Quantification of how to measure is a key part as well. Hubbard talks several times about this, referring to a concept of a “calibrated expert” that can provide accurate estimates within a confidence interval, or range of possible values. Calibration is important for any sort of measurement, even things that appear completely measurable (ie even measuring how long a webpage takes to render on your computer would really involve several measurements to account for background noise), but for estimating the chances of a situation occurring, and the outcomes, this is especially important. I appreciated Hubbard’s calling out of the problems with subjective measurements, especially in cybersecurity. He had a particular example highlighting if the risk of an investment failing is “low”, “medium”, or “high”, but what the terms meant was poorly defined. To quote from his passage on this:

Is a 5% chance of losing more than $5 million a low, medium, or high risk? Nobody knows. Is a medium-risk investment with a 15% return on investment better or worse than a high-risk investment with a 50% return? Again, nobody knows because the statements themselves are ambiguous.

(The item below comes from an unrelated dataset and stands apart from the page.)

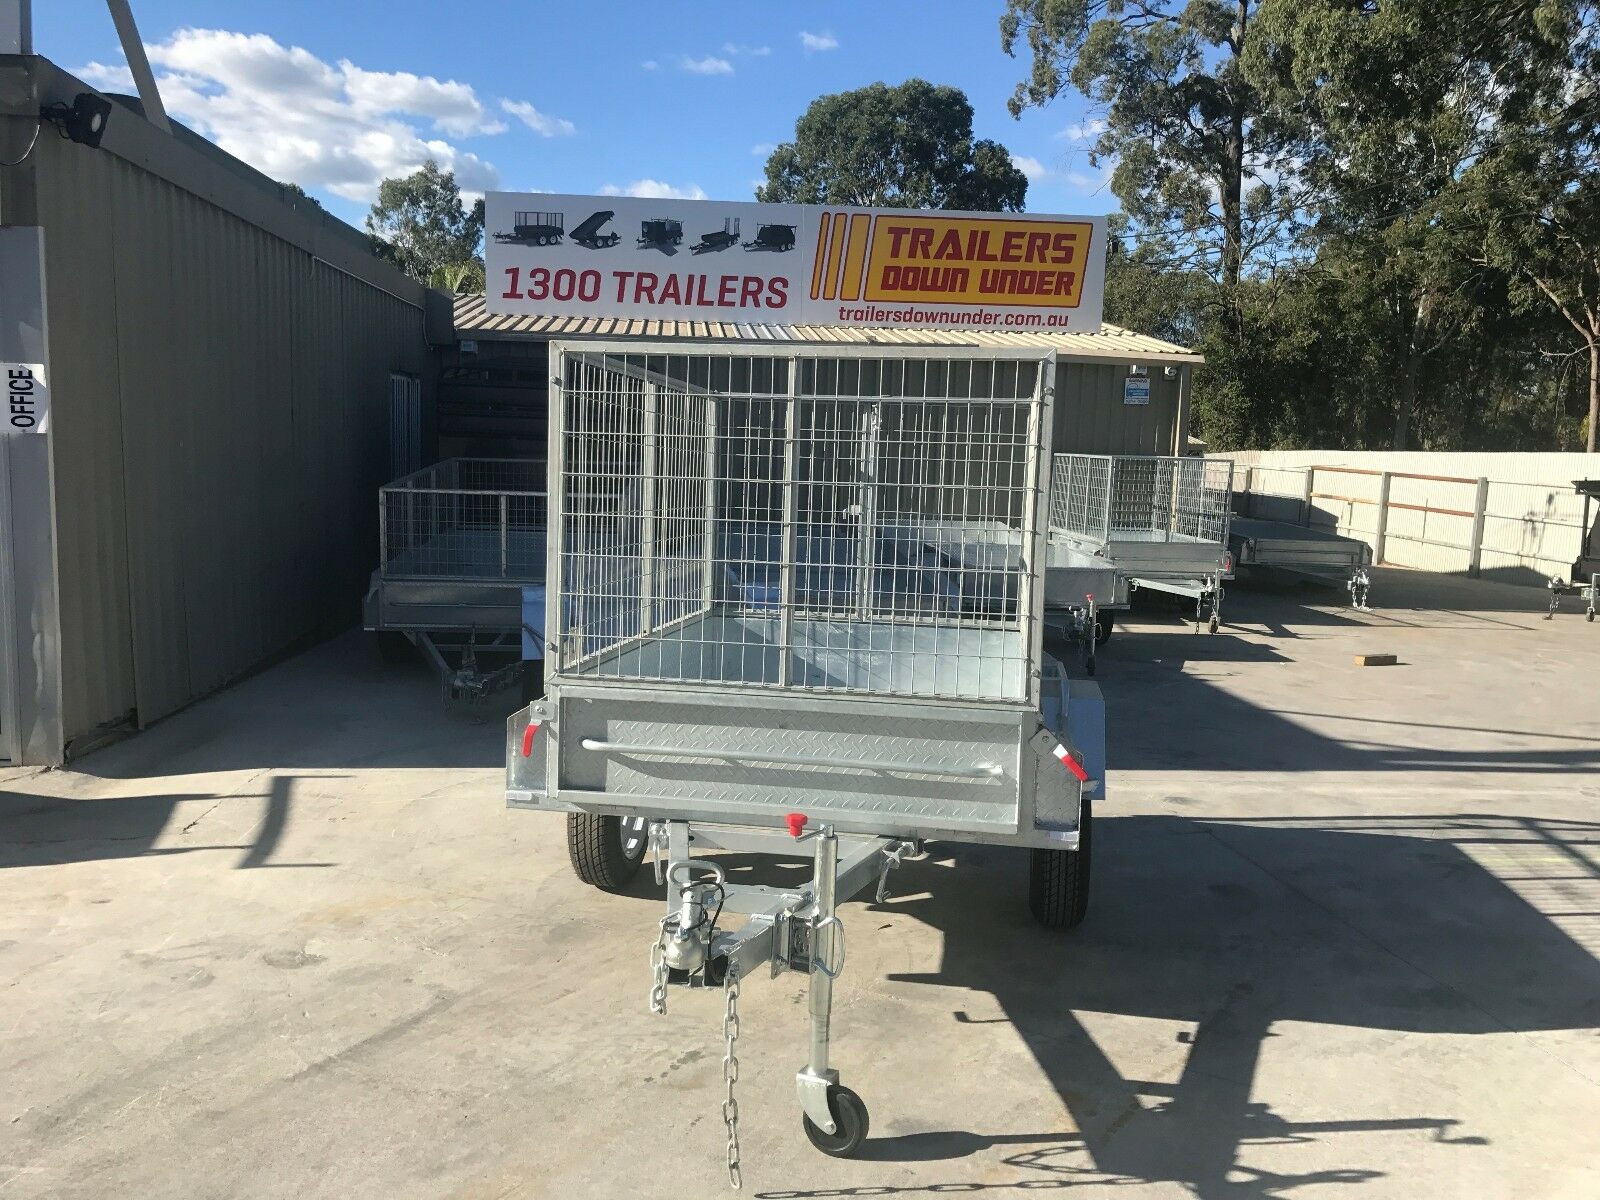 6×4 Galvanised Box Trailer with 2 Ft Cage for Sale in Brisbane

This example resonates with me well because it comes up fairly often in cybersecurity. You need to manage risk, which means scoring and sorting risks to handle, but how to properly score risks often feels vibes based. It is worth noting that Hubbard has a second book specifically focusing on cybersecurity risk that is on my reading list. It is also worth noting that becoming properly calibrated, as in being able to provide accurate measurements, is a hard process as well that the book goes into a great deal of detail on.

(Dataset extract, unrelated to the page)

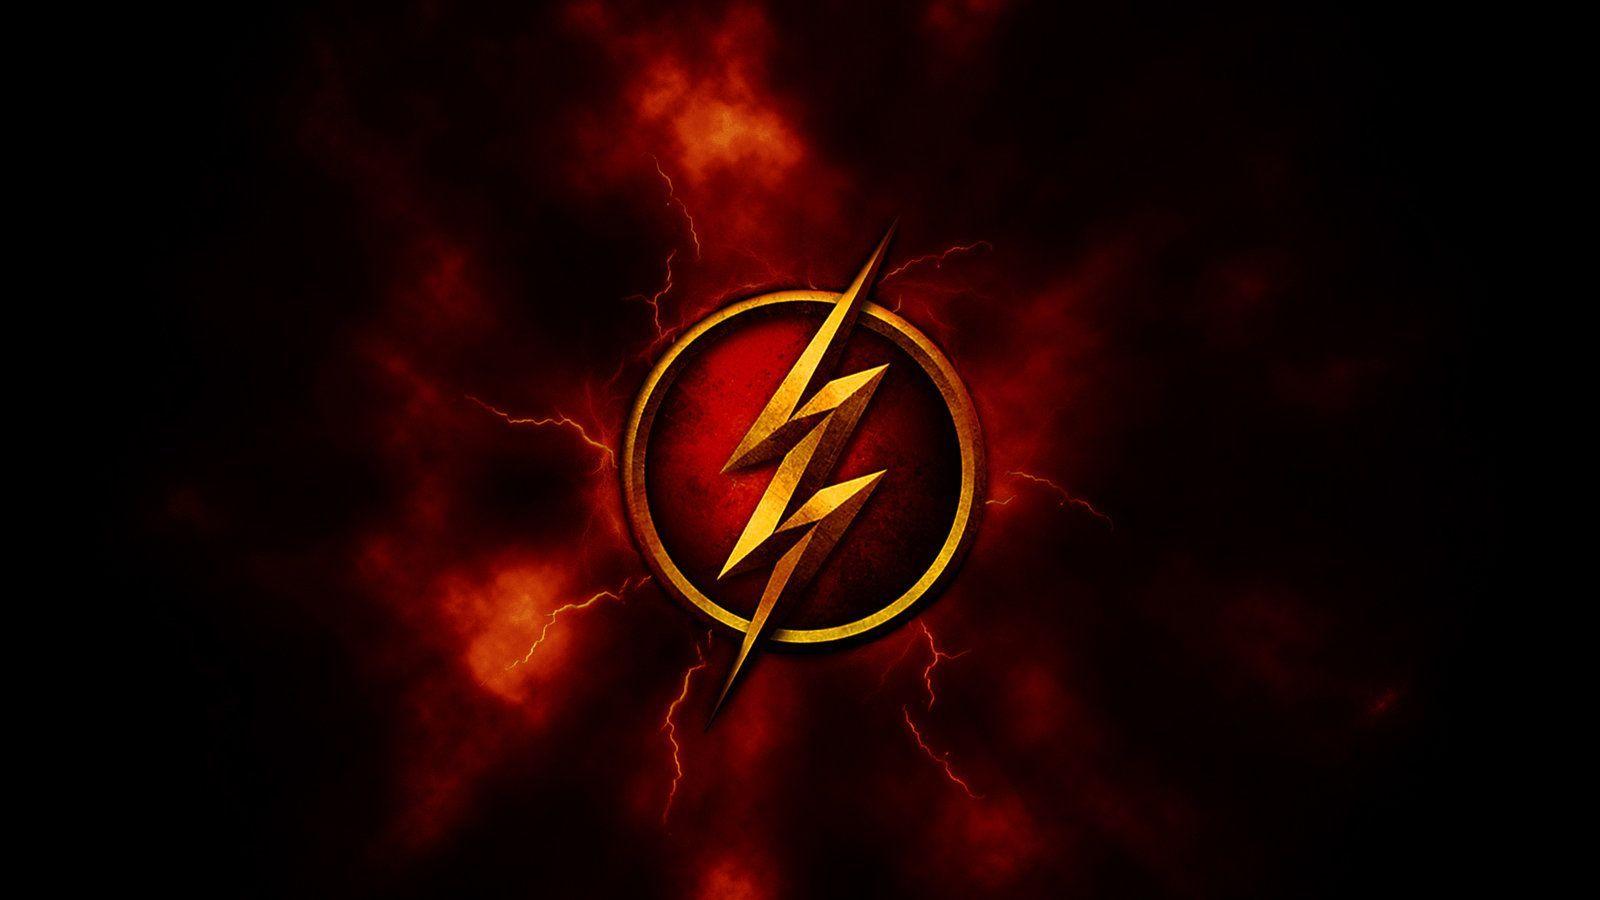 The Flash Wallpaper 2 by ImagineAiArt99 on DeviantArt

I’ll close with yet another quote from the end of the book, summarizing the contents:

1. It’s been measured before.
2. You have far more data than you think.
3. You need far less data than you think.
4. Useful, new observations are more accessible than you think.

(1) in particular is the strongest endorsement I can give for reading the book. What you need to know has likely been done before, studied to exhaustion, and you can probably find it in this book. Even if it is not perfect detailed information, well, to add onto point (3), you don’t even need perfect data, you just need to reduce your uncertainty.